The drawings illustrate the best mode presently contemplated of carrying out the invention.
In the drawings:
FIG. 1 is a front view of a continuous web of bags formed in accordance with the present invention;
FIG. 2 is a section view taken along line 2-2 of FIG. 1;
FIG. 3 is a front view illustrating a single bag removed from the continuous web and sealed;
FIG. 4 is a schematic illustration showing the loading of the continuous web of bags formed in accordance with the present invention;
FIG. 5 is a continuation of FIG. 4 showing the sealing of each individual bag;
FIG. 6 is a front view of a second embodiment of a continuous web of bag formed in accordance with the present invention;
FIG. 7 is a section view taken along the line 7-7 of FIG. 6;
FIG. 8 is a front view illustrating a single bag removed from the continuous web and sealed;
FIG. 9 is a front view of a third embodiment of a continuous web of bag formed in accordance with the present invention;
FIG. 10 is a schematic illustration of the selective control of the width of the opening for each bag of the continuous web of bags;
FIG. 11 is a view similar to FIG. 10 showing the movement of a pair of fingers to modify the opening of the individual bag; and
FIG. 12 is an illustration showing the sealing and separation of a bag after filled with a product.

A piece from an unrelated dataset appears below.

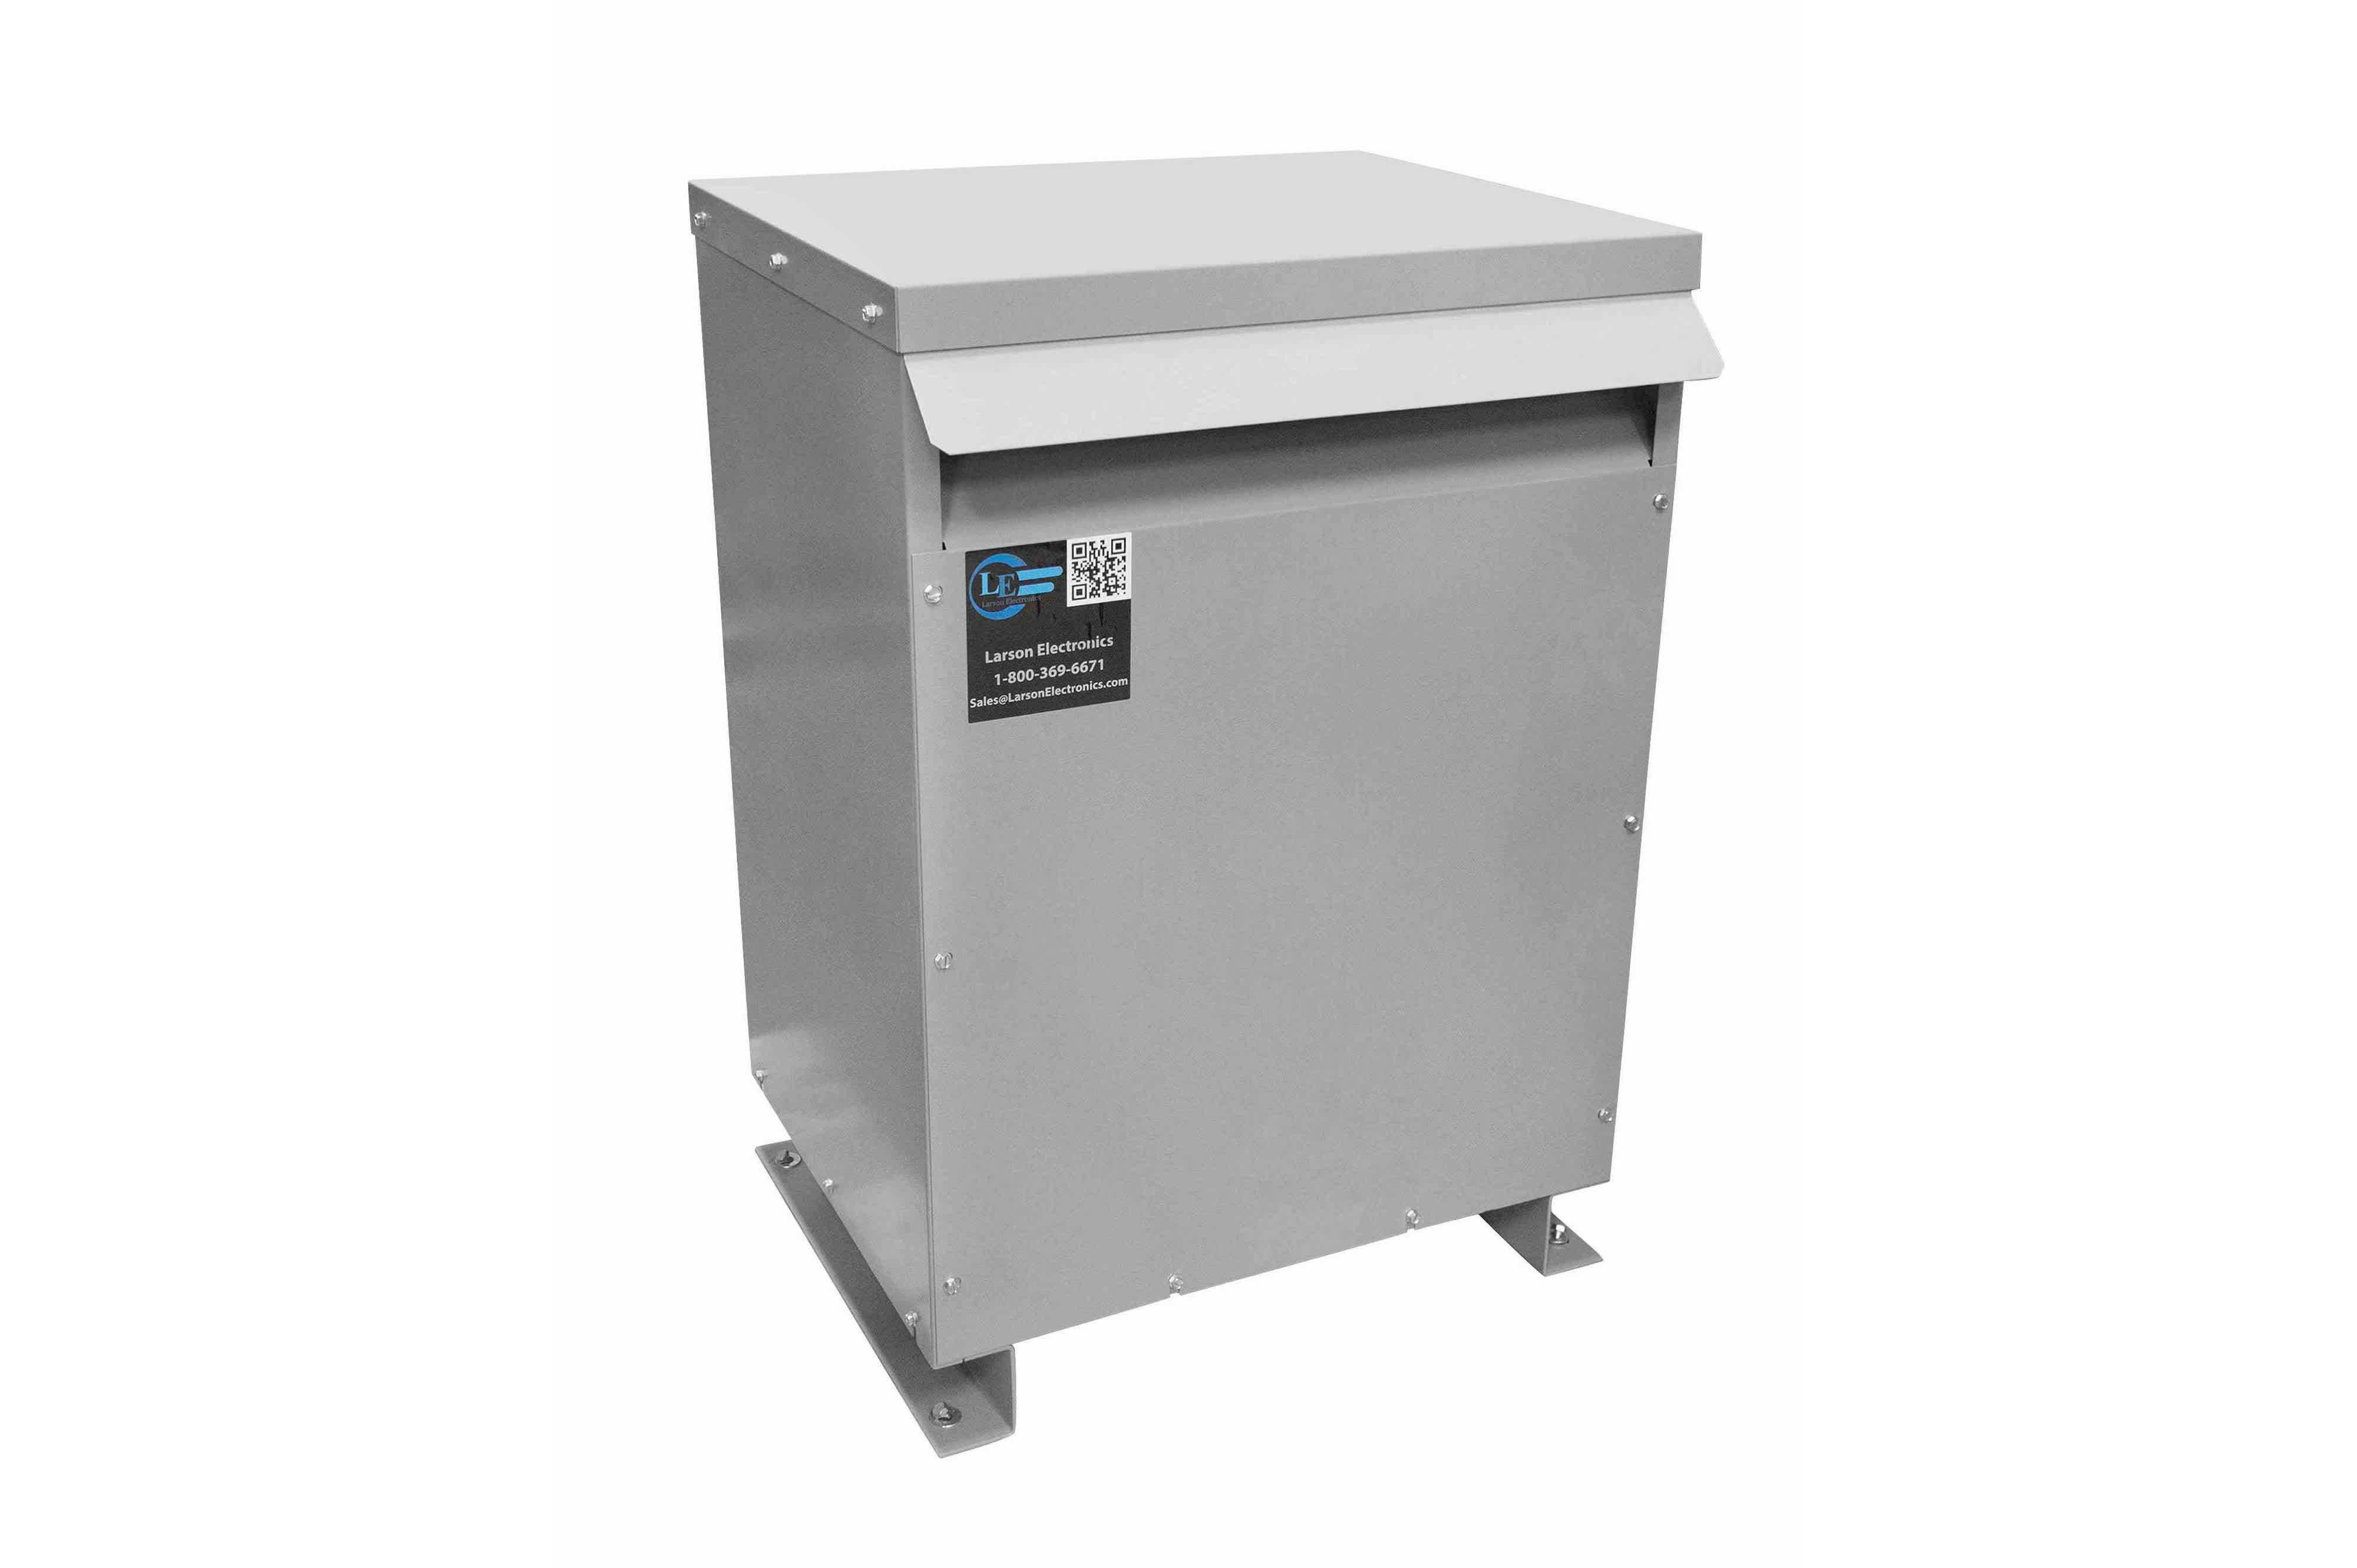 45 kVA 3PH Isolation Transformer, 480V Delta Primary, 208V Delta Secondary, N3R, Ventilated, 60 Hz

DETAILED DESCRIPTION OF THE INVENTION

Referring first to FIG. 1, thereshown is a continuous web 10 of pre-opened, pre-formed bags, 12, 14 that are specifically configured for use with an automated bagging machine. Although only two bags 12, 14 are shown as being included in the continuous web 12 in FIG. 1, it should be understood that the continuous roll can include a larger number of individual bags connected in the end-to-end configuration shown in FIG. 1. For example, it is contemplated that the continuous web of pre-opened, pre-formed bags could include as many as 200 individual bags where the continuous web 10 is supplied in a roll for use with conventional automated bagging machines. Examples of such conventional automated bagging machine are the MAX™ and SX™ models currently available from Sharp Packaging Systems, Inc. of Sussex, Wis.
Each of the individual bags 12, 14 shown in FIG. 1 are specifically configured for receiving a product such that both the bag and the product can be subsequently sterilized. The bags 12, 14 are thus particularly useful in packaging medical products that can be subjected to a sterilization process after each of the bags 12, 14 has been filled.

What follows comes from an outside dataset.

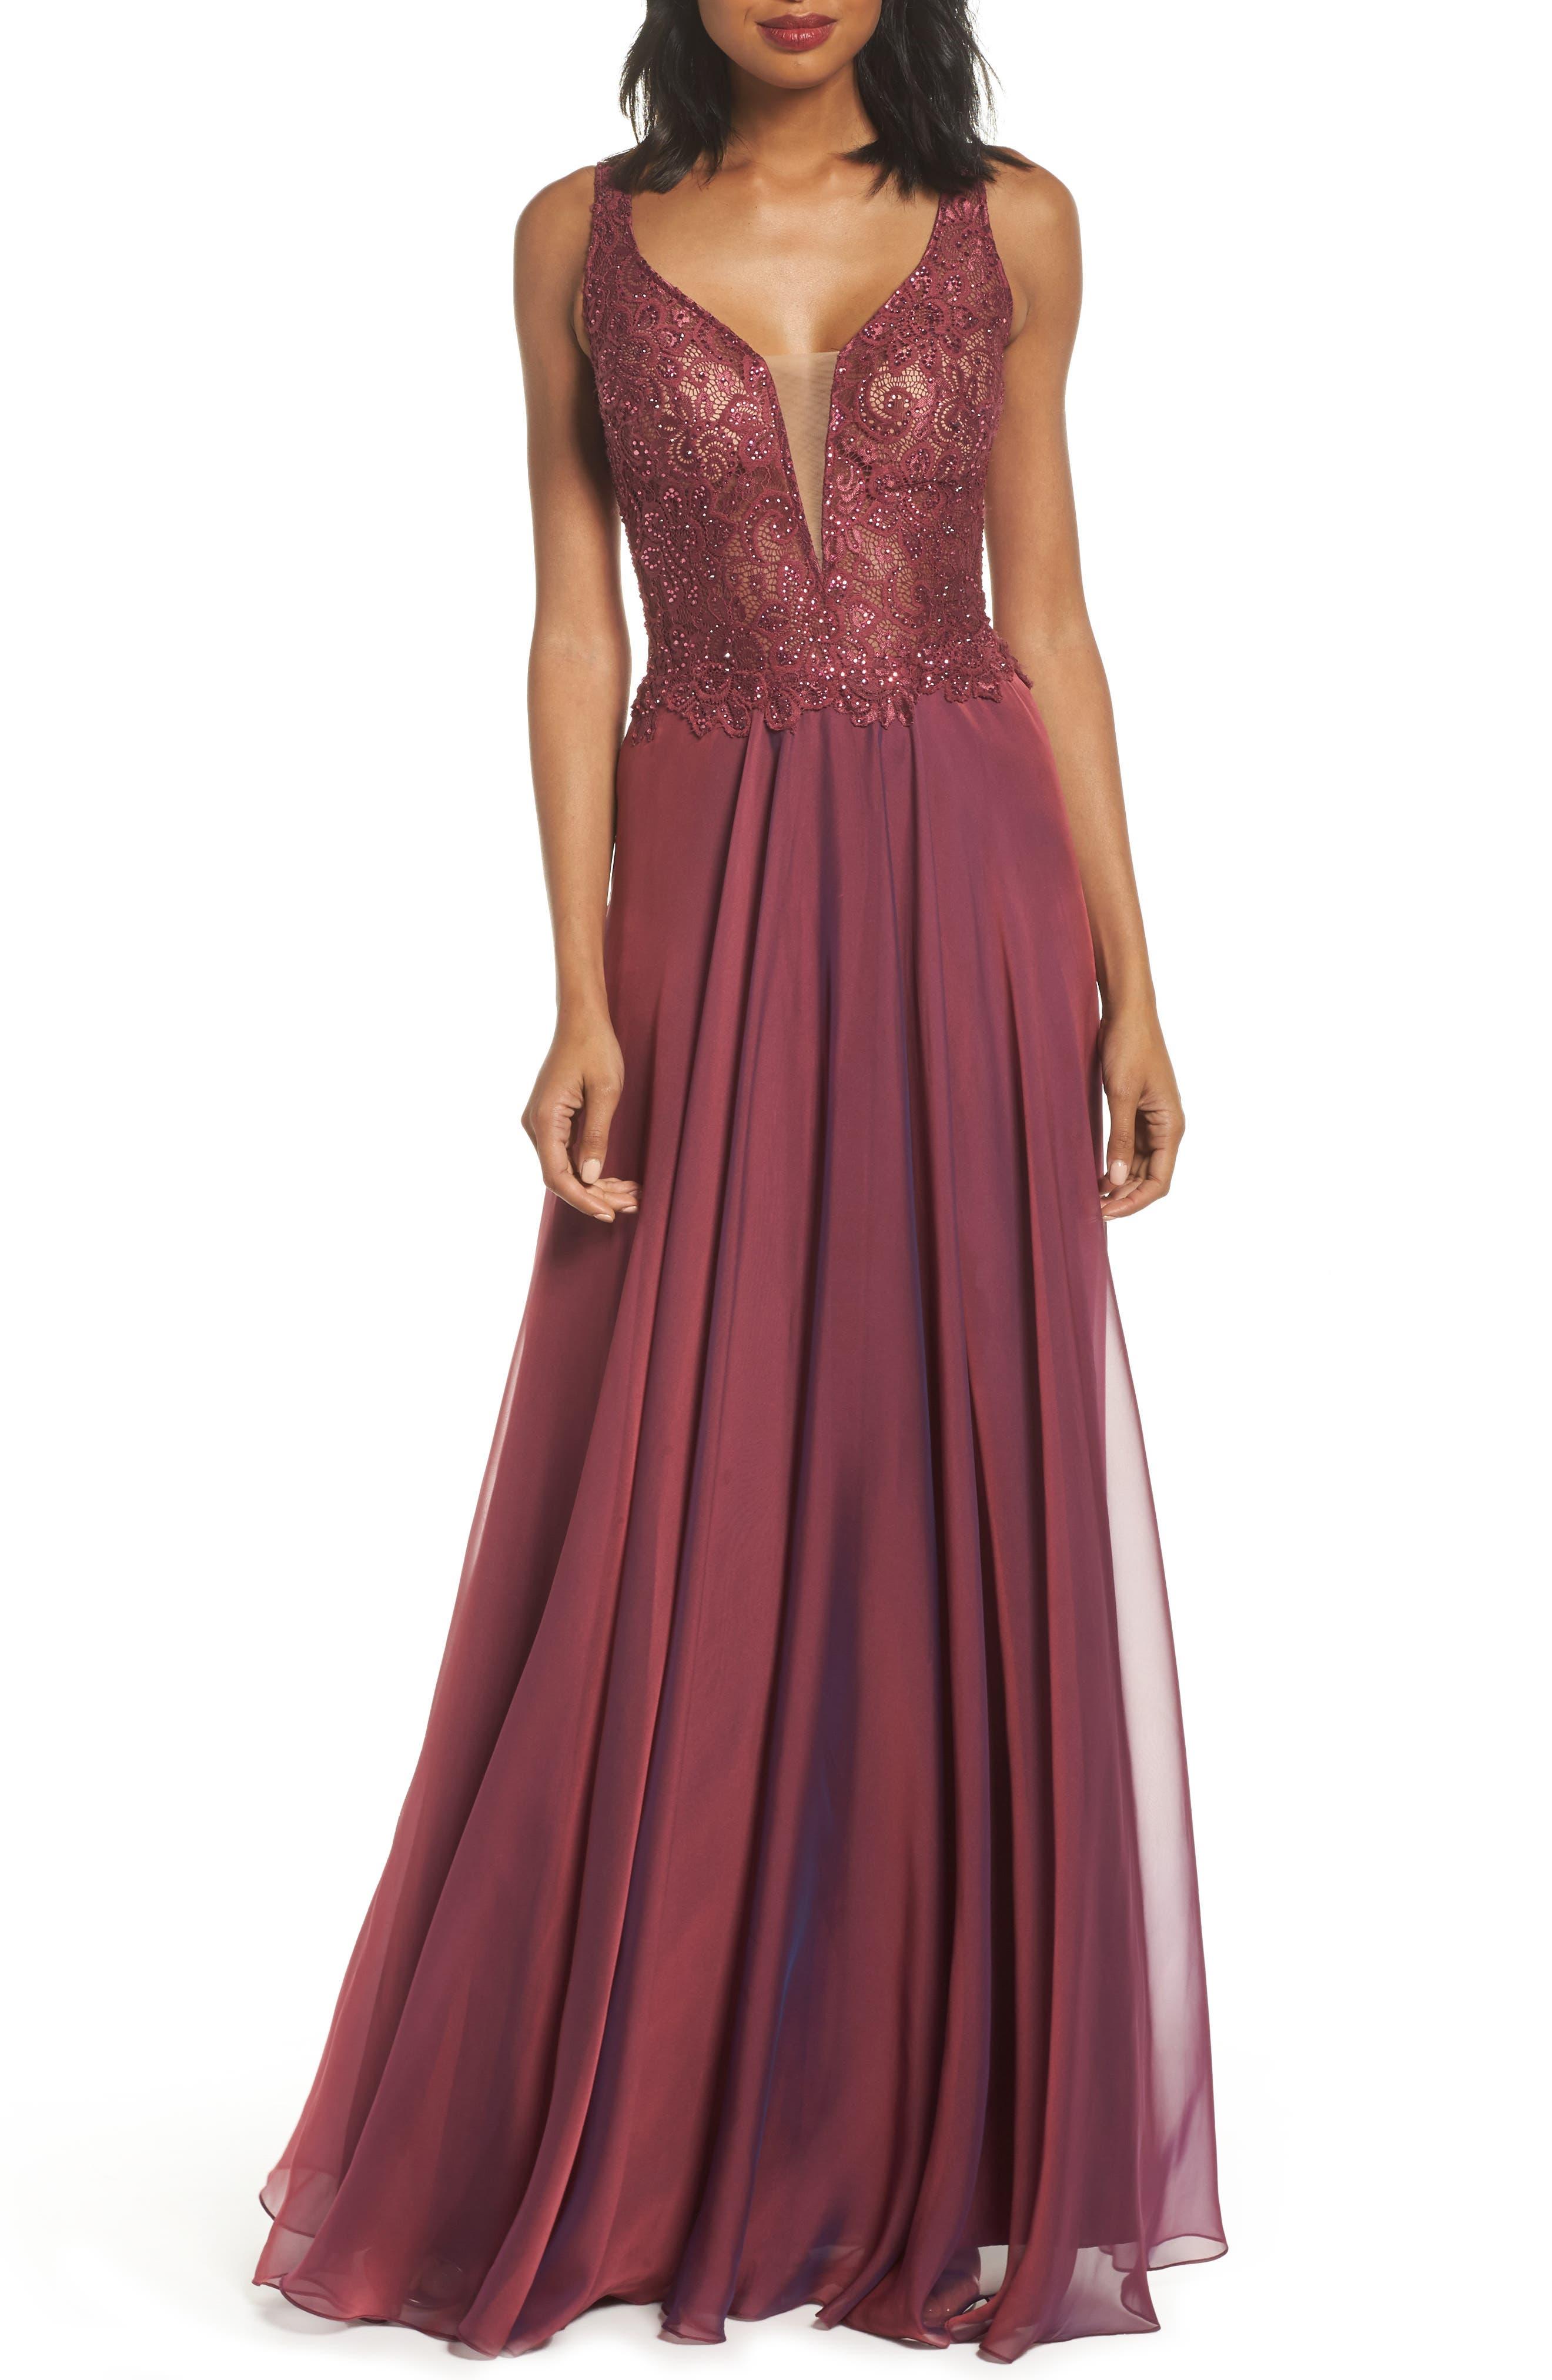 Main Image - La Femme Lace & Chiffon A-Line Gown

As shown in FIG. 1, the continuous web 10 of bags has a width defined by a first side edge 16 and a second side edge 18. The overall width of the continuous web 10 between the side edges 16, 18 depends upon the type of bag being utilized and the type of product being inserted into each of the bags. As an example, the continuous web 10 may have a width of six inches in an exemplary embodiment of the invention.
As illustrated in FIG. 1, the bags 12 and 14 formed along the continuous web 10 are separated from each other by a line of perforation 20. The line of perforation 20 allows the bags 12 and 14 to be separated from each other once the product has been inserted into each of the bags. Although perforations are shown in the present embodiment, other methods of weakening the web to allow separation are contemplated, such as laser scoring.

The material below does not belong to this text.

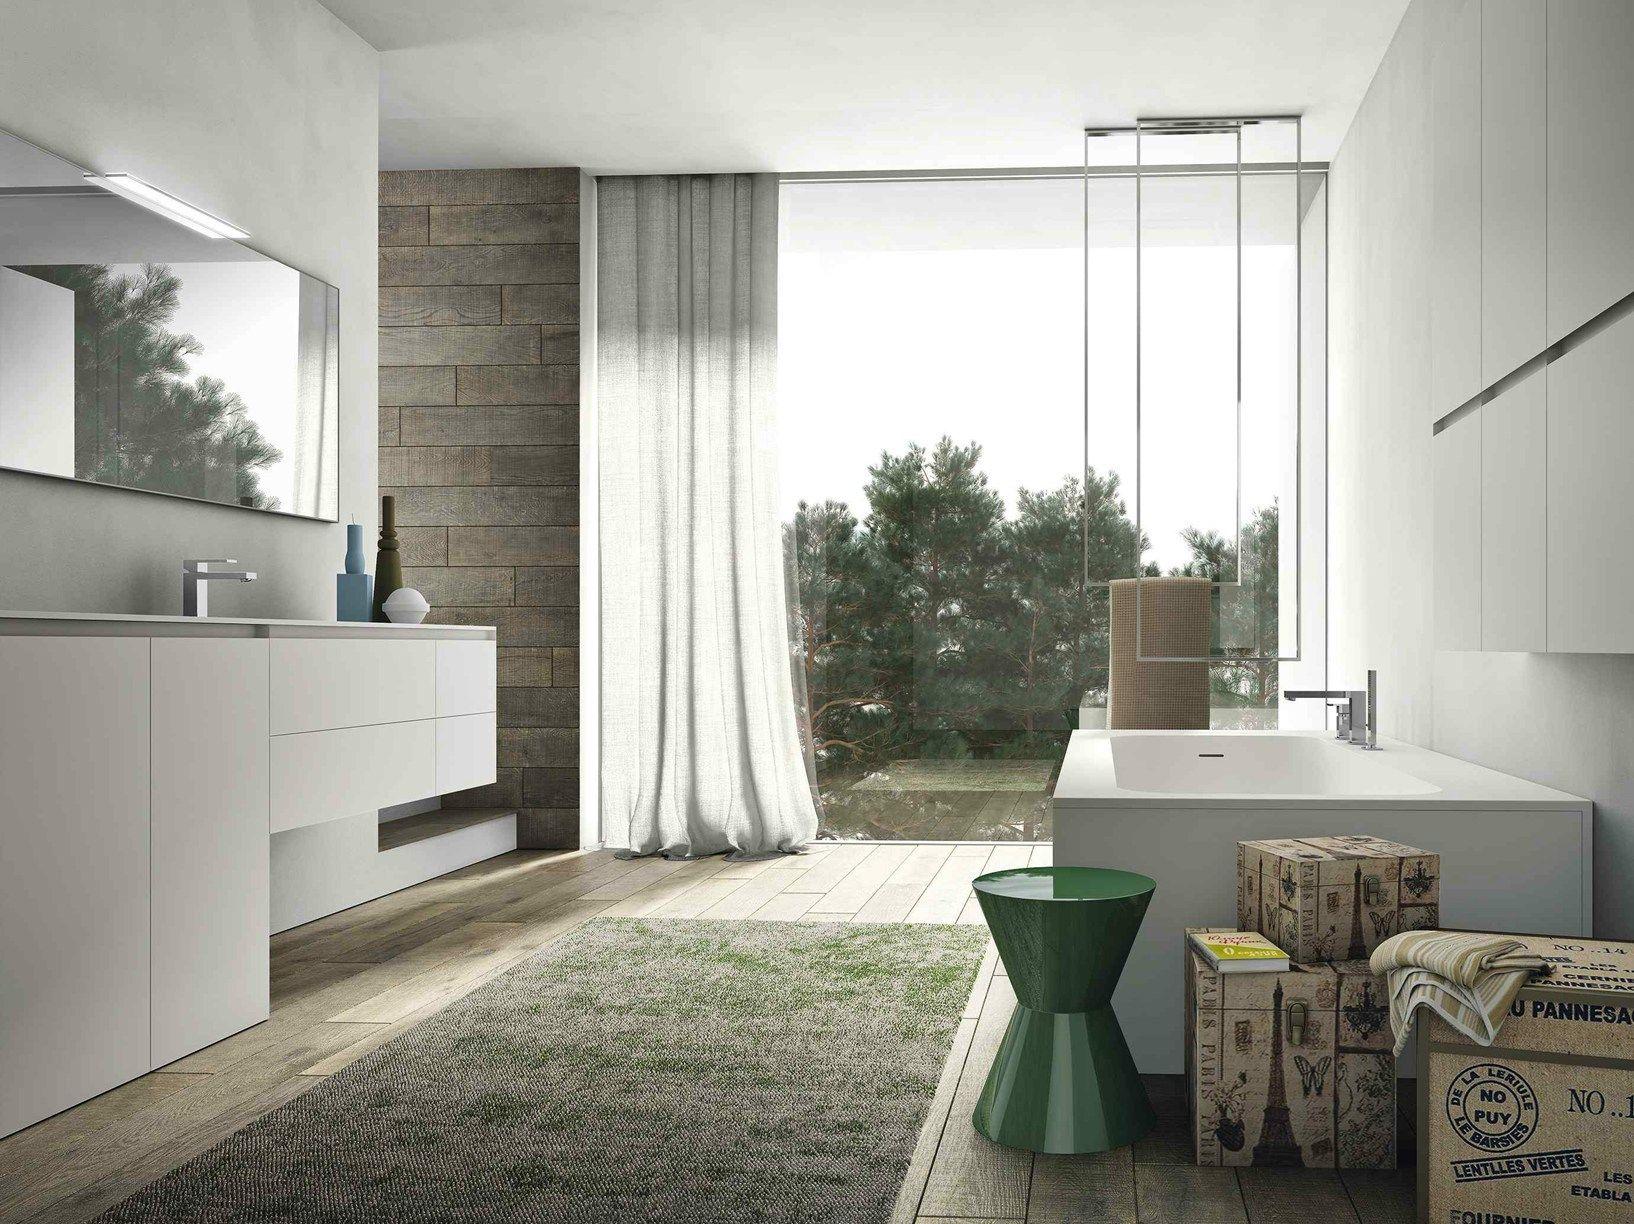 Il design contemporaneo di ideagroup al cersaie - Arredo bagno contemporaneo ...

Referring now to FIG. 2, each of the bags 12, 14 is formed from two discreet layers of material joined to each other by areas of adhesive. Specifically, each of the bags is formed from an elongated strip of base material 22 and an elongated strip of plastic film 24. The base material 22 and the plastic film 24 are adhesively bonded to each other by an area of adhesive 25.
Referring now to FIG. 1, the adhesive bond between the base material and the plastic film defines a pair of spaced side seals 26, 28 and a bottom seal 30. The bottom seal 30 has a chevron-shape as is conventional in sterile medical packaging. The side seals 26, 30 each extend along one of the side edges 15, 18 of each bag formed along the continuous web 10. The combination of the side seals 26, 28 and the bottom seal 30 define a pocket 32 in which the base material and plastic film are not sealed to each other. The pocket 32 includes an open end 34 that allows product to be inserted into the pocket 32 in the manner to be discussed in greater detail below.
In the preferred embodiment of the invention, the base material 22 is a material that exhibits deadfold properties, which allows each of the bags to be loaded by an automated bagging machine without introducing wrinkles and folds into the base material 22 during loading. Typically, the base material 22 is a low porosity, long fiber paper having superior web strength such that the base material will remain intact if autoclaving is used. Alternatively, a paper-like material, such as Tyvek®, a spun-bonded olefin, will be used in the preferred embodiment of the invention. The spun-bonded olefin acts as a filter to prevent passage of recontaminating bacteria or the like through the base material while being sufficient permeable to gas. Additionally, the spun-bonded olefin exhibits deadfold properties such that it can be utilized with automated bagging machines.
In the prior art bags formed as a continuous web for packaging medical products, the plastic film layer 24 includes a slit across the entire transverse lip of the continuous web such that product can be inserted into bag through the slit in the plastic film. Such product is shown in the Baker U.S. Pat. No. 6,419,392. Although the subject matter of the '392 patent presents a continuous roll of bags, the continuous roll exhibits numerous drawbacks which have been addressed by the present invention.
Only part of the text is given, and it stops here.